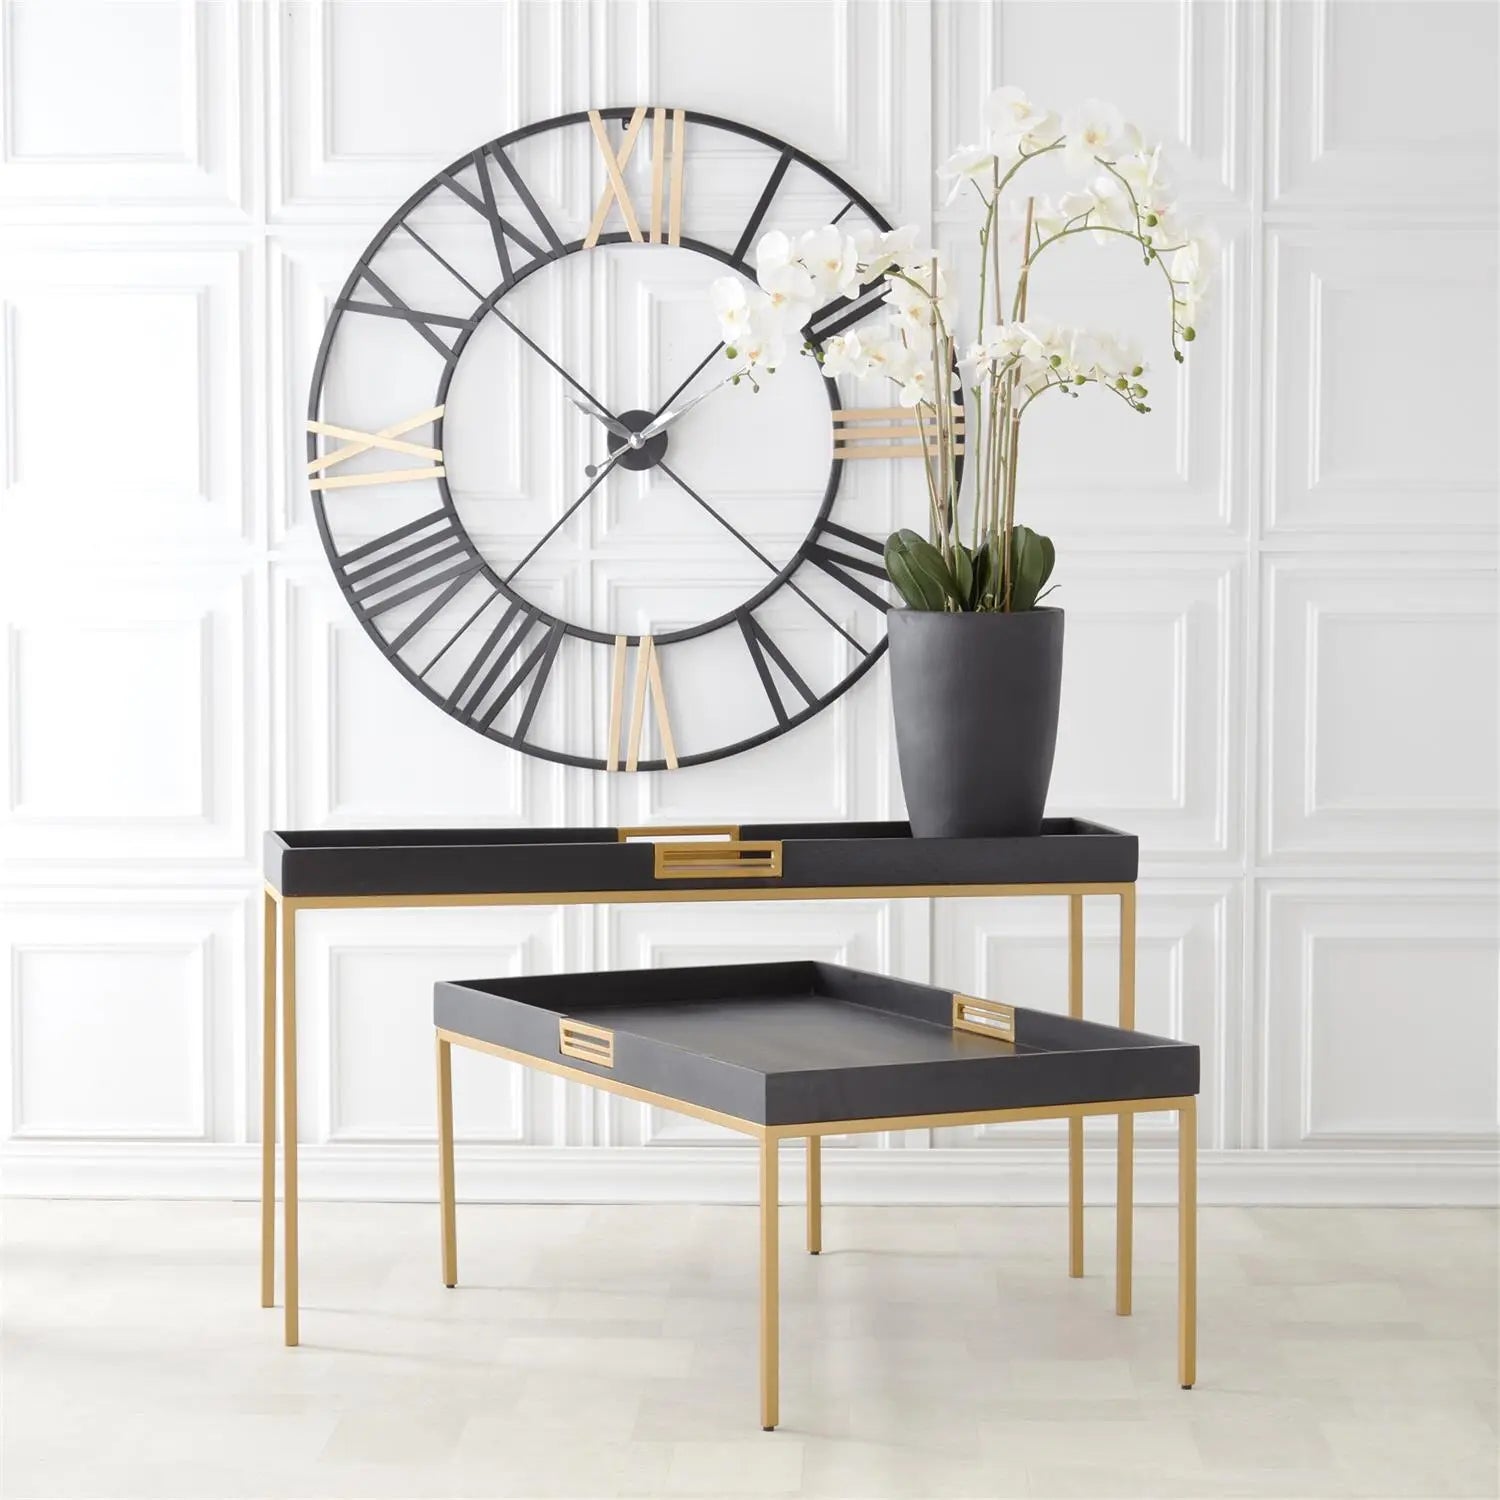 K K Interiors 54 in Raised Edge Black Mango Wood Tray Console with Gold Metal
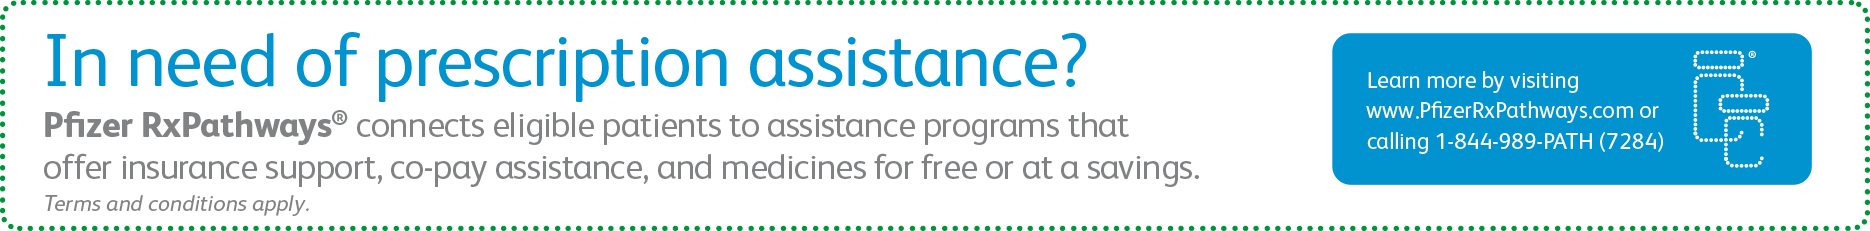 Pfizer RxPathways connects eligible patients to assistance programs that offer insurance support, co-pay assistance, and medicines for free at a savings. 
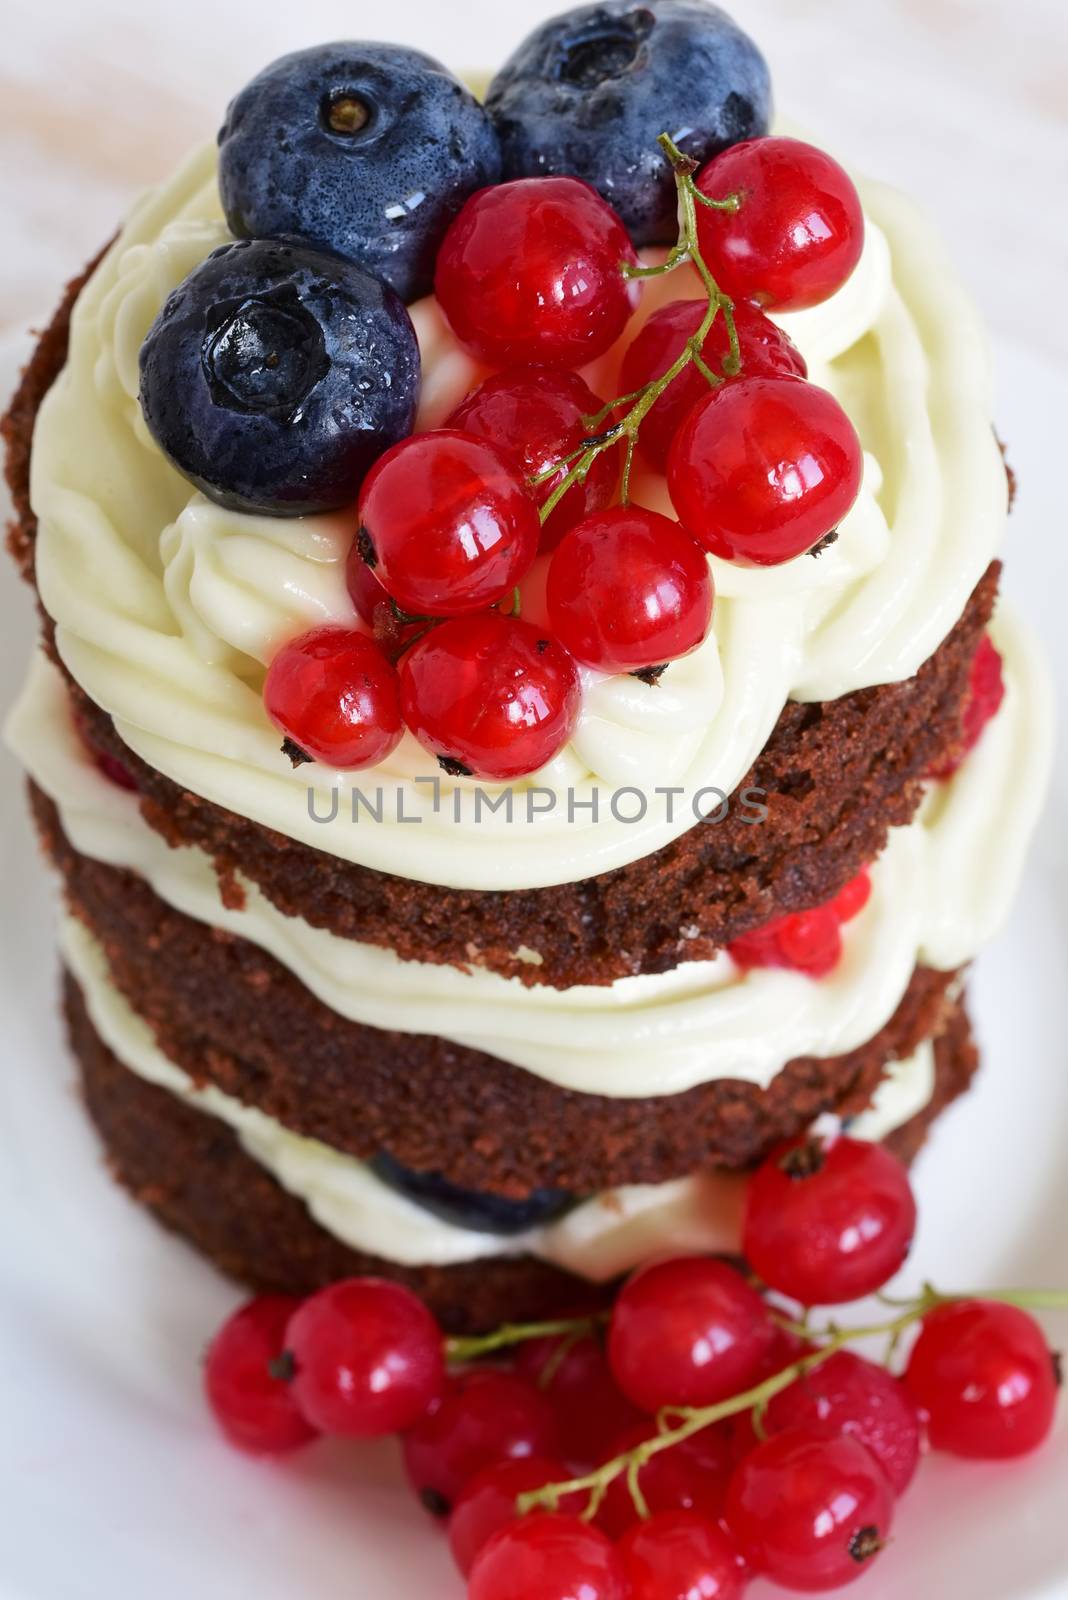 homemade cake with berries by Visual-Content

● Problem statement:
Leave out the pictures and give the rest of the material again, unaltered.

● Solution to this exercise:
 K K Interiors 54 in Raised Edge Black Mango Wood Tray Console with Gold Metal
 Pfizer RxPathways connects eligible patients to assistance programs that offer insurance support, co-pay assistance, and medicines for free at a savings. 
 homemade cake with berries by Visual-Content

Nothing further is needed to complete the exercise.